Diana Markosian captures the pain and joy of reuniting with her estranged father
The photographer spent 15 years looking for her father. Her new photobook is a raw and honest document of the difficulty of reconnecting with someone that was once lost.
In October 1996, seven-year-old Diana Markosian and her brother David were woken one night. Their mother had packed up their suitcases and booked three one-way tickets to Los Angeles, where they would start a new life with a man she met through a newspaper ad. They left their entire life in Moscow behind – their belongings, friends, and, most crucially, their father.
The photographer, now based in New York, grew up knowing very little about her father. He was in and out of her life – “his visits felt like winning the lottery”, she says. “My parents met young, and their love story was beautiful but fell apart quickly. When the Soviet Union collapsed, so did my family, like dominoes,” says Diana. “When my mom decided to leave, she didn’t tell me or my father. She left him a letter, woke me up, and said we were going on a trip. That was the last time I saw him.”

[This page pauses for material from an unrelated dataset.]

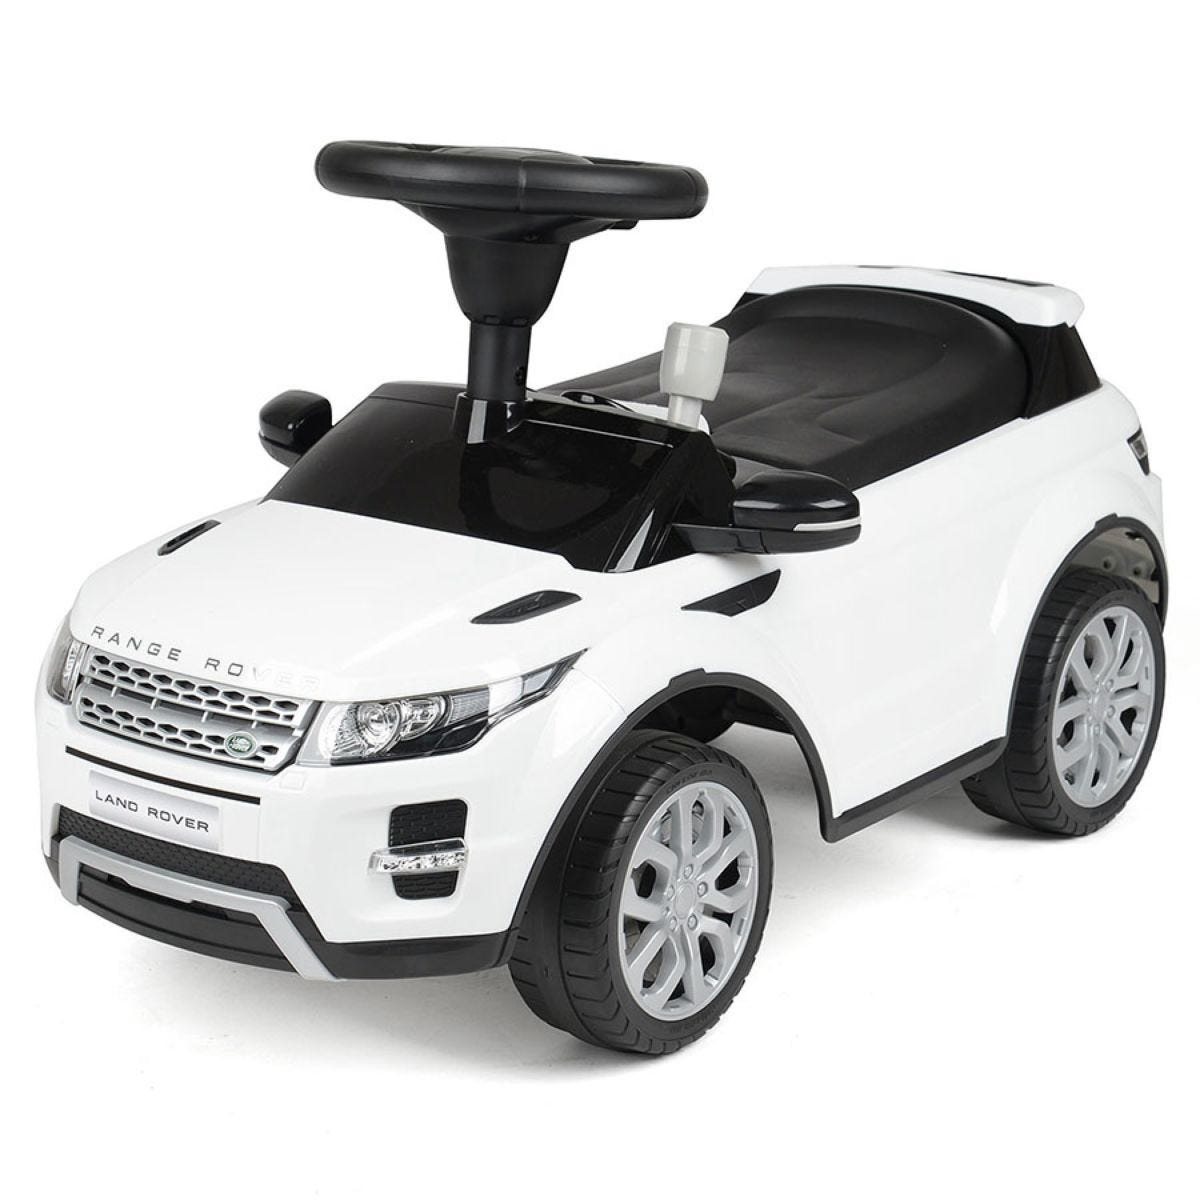 Range Rover Evoque Foot-to-Floor Ride-On
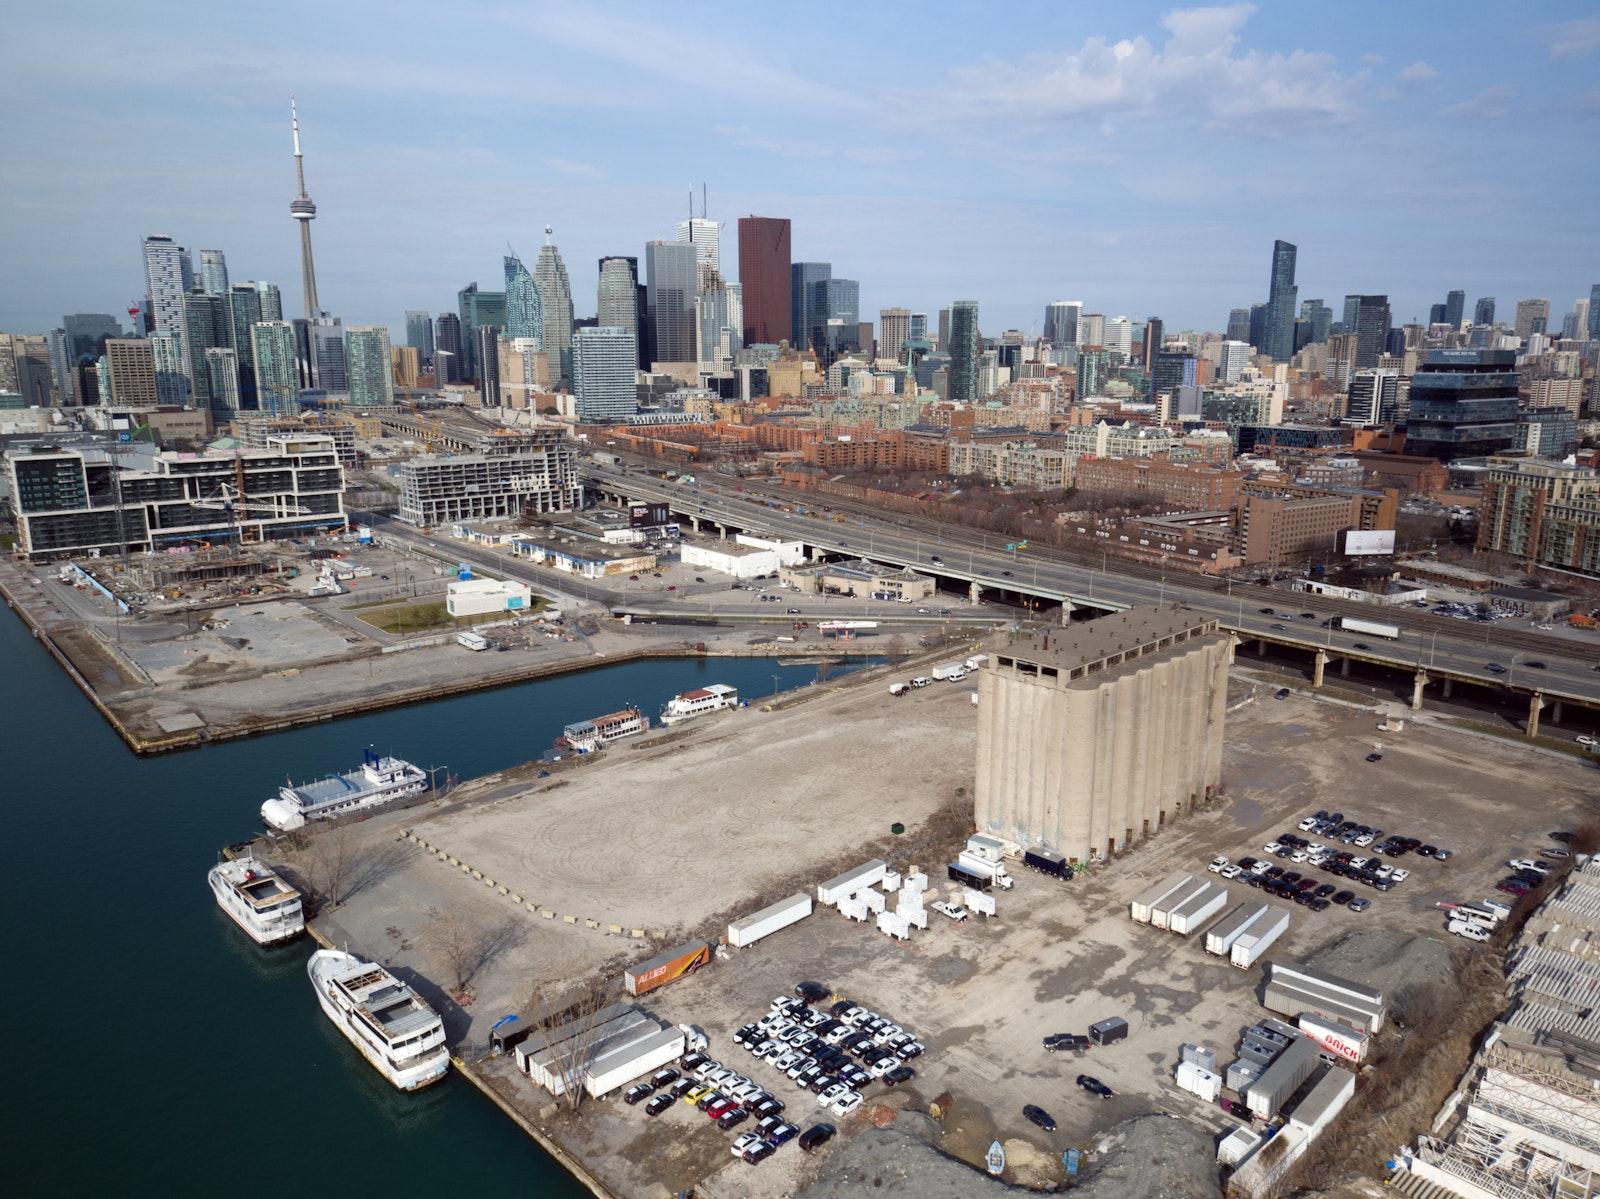 The site of the planned Sidewalk Labs development in Toronto. Photo: Sidewalk Labs

Diana spent the next 15 years searching for her father, and when she eventually did, she discovered that he had been looking for her too. “He had a suitcase full of letters – thousands – all sent to toy stores, embassies, detectives, and even government offices,” she says. Her new book, Father, documents their journey of reconciliation. “Reconnecting wasn’t immediate,” she reflects. “It was about building a friendship with a stranger, and grappling with the reality that we couldn’t reclaim those lost years.”
The resulting work is revealing and deeply moving. Its sequence – both image and text – is lyrical, a raw document of both the pain and joy of reconnecting with someone that was once lost. These feelings are revealed through snippets of text by both Diana and her father: “I am searching for the child in her, the one I used to be close to,” one excerpt from her father reads. A series of photographs captures Diana and her father reconnecting at his kitchen table – eating, laughing, playing cards. We also see staged images, as well as old family photos and scans of documents, including the letters that her father wrote to embassies in desperate search of his children.
“Initially, the project was about getting to know my dad and creating memories we never had,” she says. “Producing it was emotionally challenging, especially with the politics of my family because reconnecting with my father meant hurting others.” When they moved to America, it was as though her father never existed. Her mother cut him out of photos, and told her children to forget him. “My upbringing was so jarring,” says Diana. “My father left, then we moved to California, where my mother remarried, only for my stepfather to leave as well. We moved a lot – I attended five schools in my first five years in America,” she says.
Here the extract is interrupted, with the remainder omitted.